According to Financial Times , the sprawling global rate-rigging probe expanded dramatically on Friday as authorities in Singapore disciplined 20 banks and revealed that 133 traders tried to manipulate three interest rate and foreign exchange benchmarks.
While the US, UK and Japan have already cracked down on four banks for attempted rigging of the London and Tokyo interbank borrowing rates, the action by the Monetary Authority of Singapore ropes in 16 new institutions. It also alleges that the misbehaviour extended to indices used in the trading of foreign exchange.
The MAS singled out Royal Bank of Scotland, UBS and ING for the toughest punishment, but said that employees at all 20 banks improperly sought to influence key benchmarks to make money on derivatives.

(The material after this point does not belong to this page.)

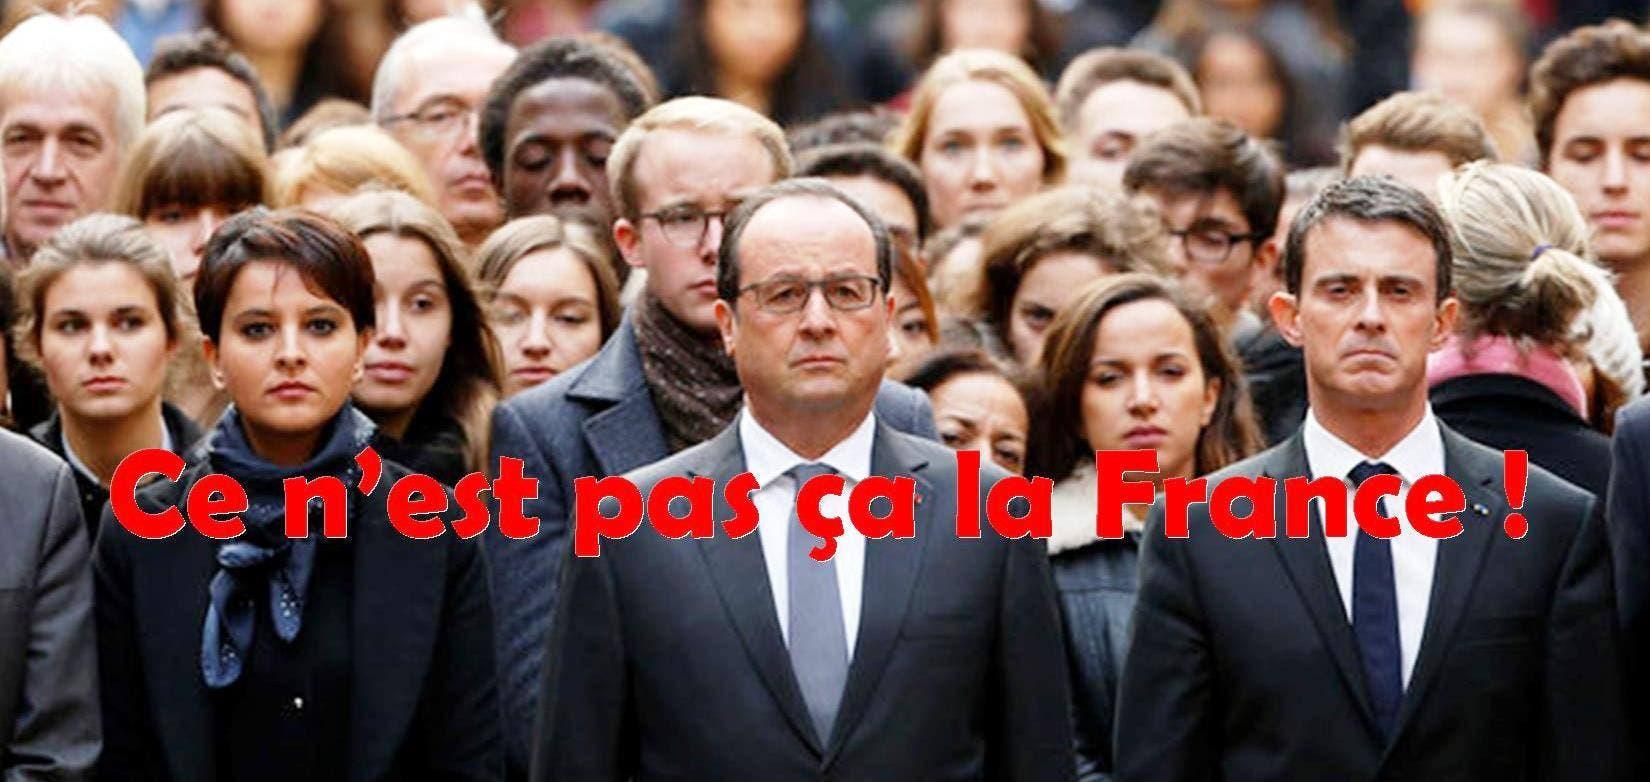 ce n'est pas ça la France
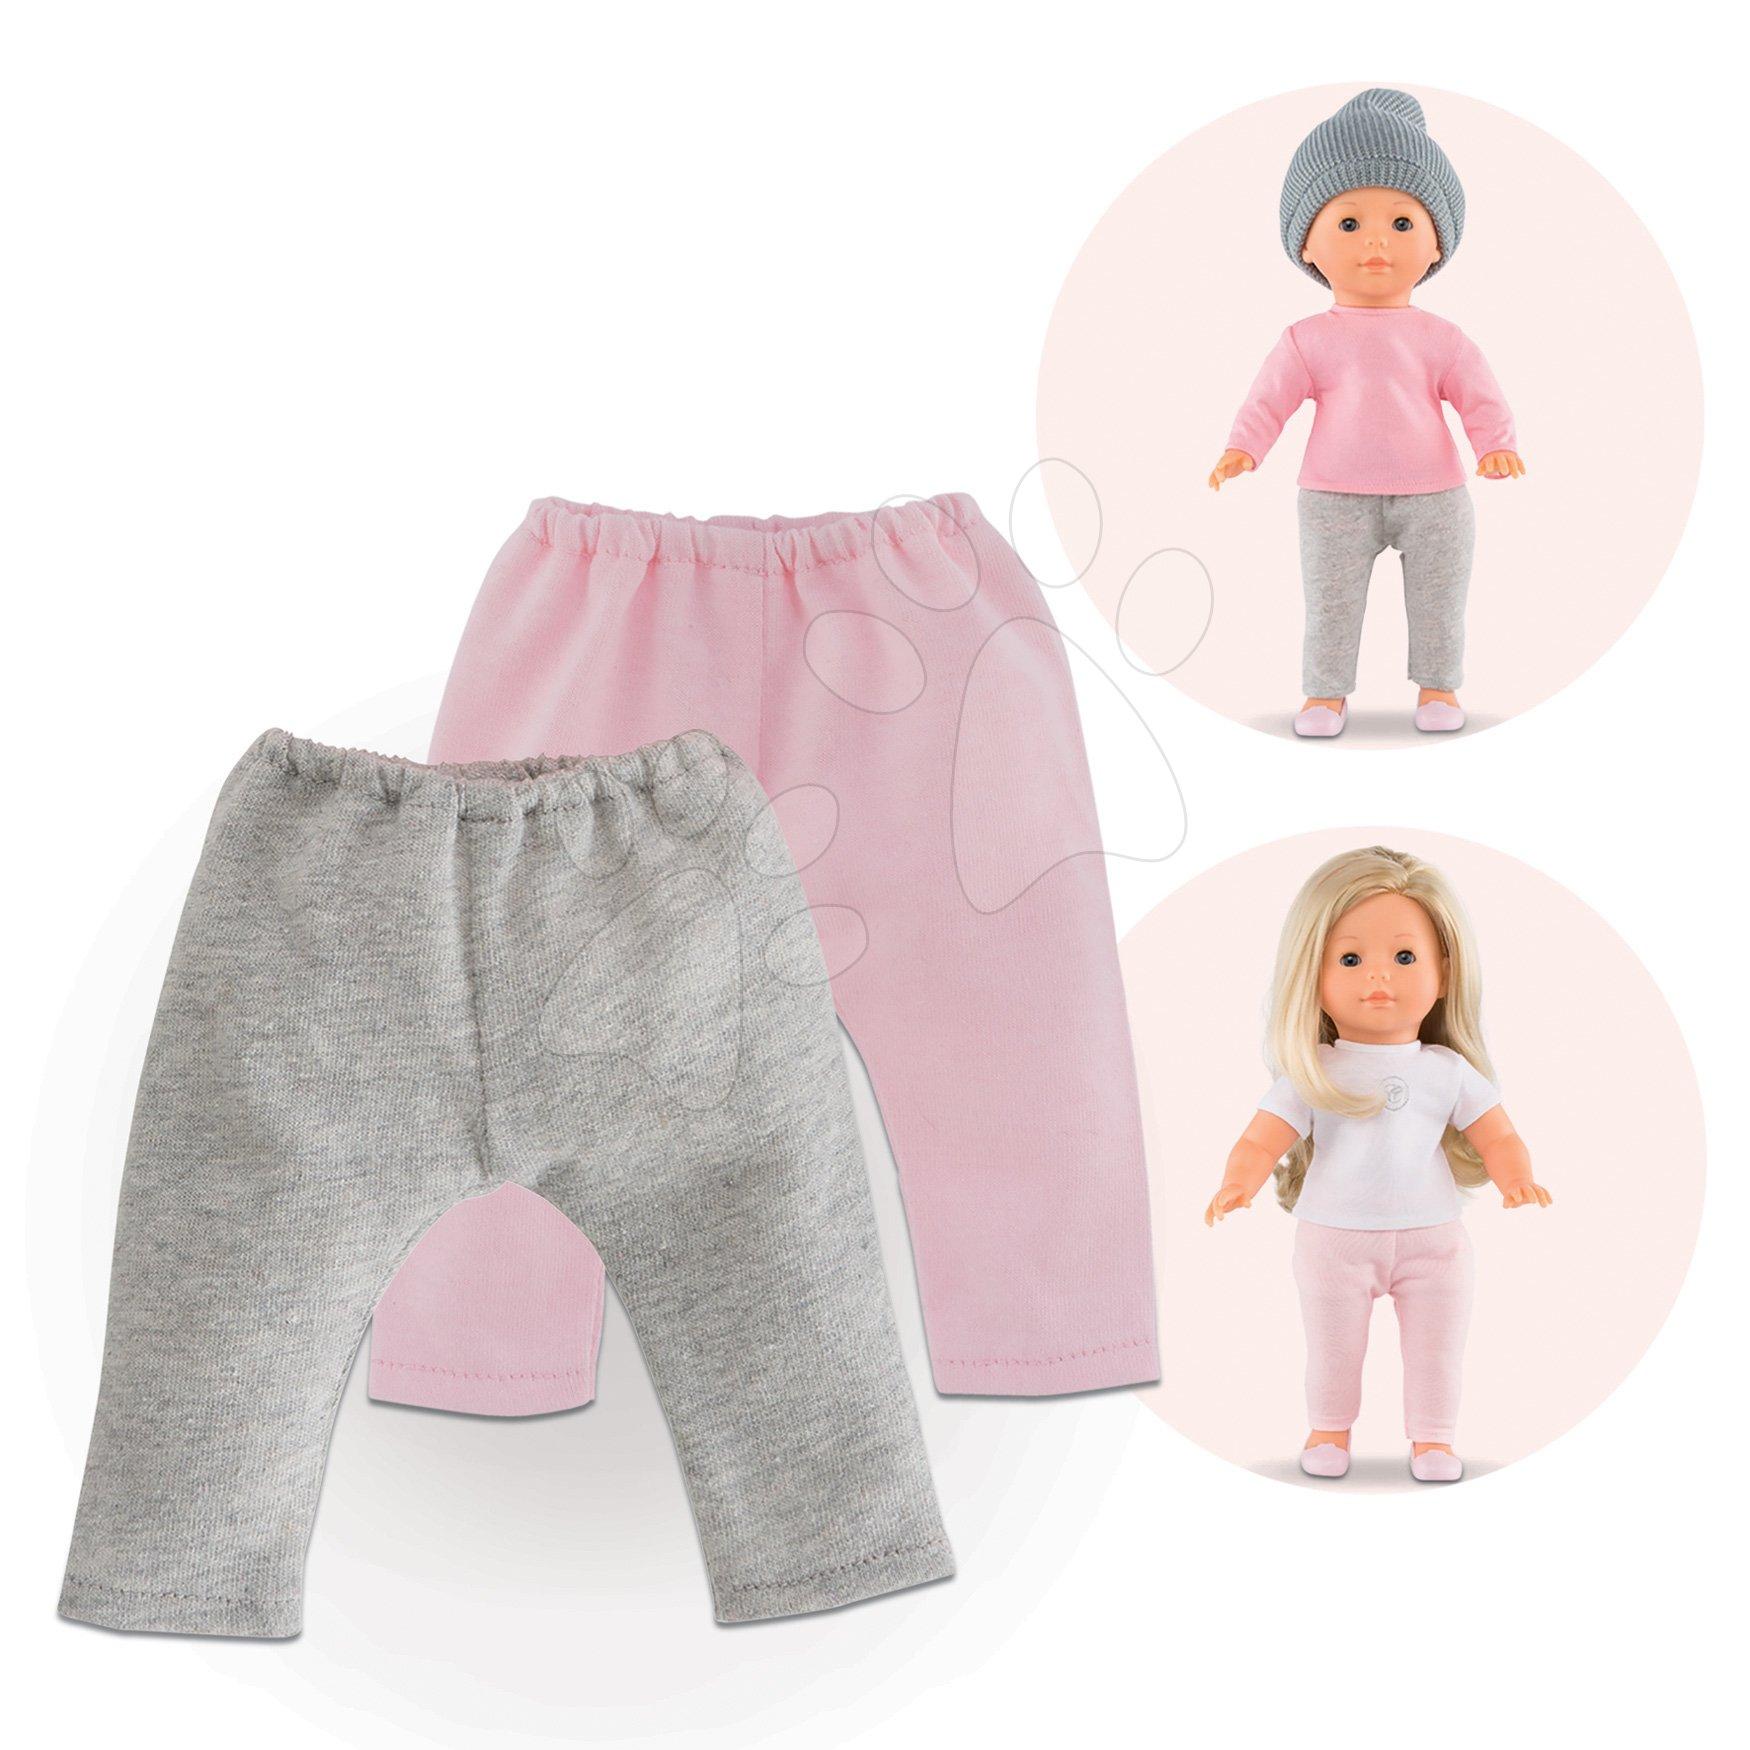 Oblečenie 2 Leggings Ma Corolle pre 36 cm bábiku od 4 rokov

Singapore, which lacks legal powers to fine institutions involved in alleged rate-rigging, ordered them to leave more money on deposit – at zero interest – with Singapore’s central bank for one year. RBS, UBS and ING were all ordered to increase their reserves by more than S$1bn ($799m), while Bank of America, BNP Paribas and Oversea-Chinese Banking Corporationwill have to increase reserves by S$700m-S$800m.
The MAS probe of the Singapore interbank lending rate, or Sibor, was sparked by last July’s revelation that Barclays paid US and UK fines for seeking to manipulate Libor, the much larger benchmark used for contracts worth $300tn worldwide. Singapore’s investigation widened in September to include non-deliverable forwards, which are traded by foreign exchange traders, and the swap offered rate (SOR) used for commercial lending.
“While there is no conclusive finding that Sibor, SOR and FX benchmarks were successfully manipulated, the traders’ conduct reflected a lack of professional ethics,” the MAS said in a statement.
All of the rates involved are calculated using estimates provided by banks. Such survey-based rates have been criticised by US regulators, who say they are too vulnerable to manipulation.
Three-quarters of the traders involved have left their banks while the rest have been or will be disciplined, the MAS said. It added that there was no evidence that the manipulation attempts were criminal offences.
The MAS also proposed a new regulatory framework for the three benchmarks, including formal regulation of rate setting with specific civil and criminal sanctions for rate-rigging attempts. “Ensuring the integrity of the processes for setting financial benchmarks is vital,” Teo Swee Lian, MAS deputy managing director, said in a statement. “MAS has taken firm supervisory actions against the banks, based on a careful assessment of their respective deficiencies.”
Singapore’s banking industry also announced a significant revamp of 11 rates. Six will no longer be calculated and four will shift to being based on market transactions. Only Sibor, the reference rate for most Singapore mortgages, will continue to be calculated by surveys.
ING said in a statement: “ING finds the inappropriate behaviour and lack of professional ethics found in the review unacceptable … [and] has taken disciplinary actions against the small number of individuals involved. Furthermore ING has taken and will take a number of actions to enhance our procedures for submitting rates.”
In separate statements, RBS and UBS said they were co-operating with the MAS and would comply with any measures related to the review.
All of the institutions sanctioned by the MAS were found to have “deficiencies in the governance, risk management, internal controls and surveillance systems” for their involvement in setting the benchmarks.
“The large number of banks involved suggests that there might be several more fines yet arising out of Libor manipulation, so the bad news for banks will keep on coming,” said Owen Watkins, a barrister with Lewis Silkin.
The other institutions sanctioned by the MAS include Barclays, Crédit Agricole, Credit Suisse, DBS, Deutsche Bank, Standard Chartered, United Overseas Bank, Australia and New Zealand Banking Group, Citibank, JPMorgan Chase Bank, Macquarie, Bank of Tokyo-Mitsubishi UFJ, HSBC and Commerzbank.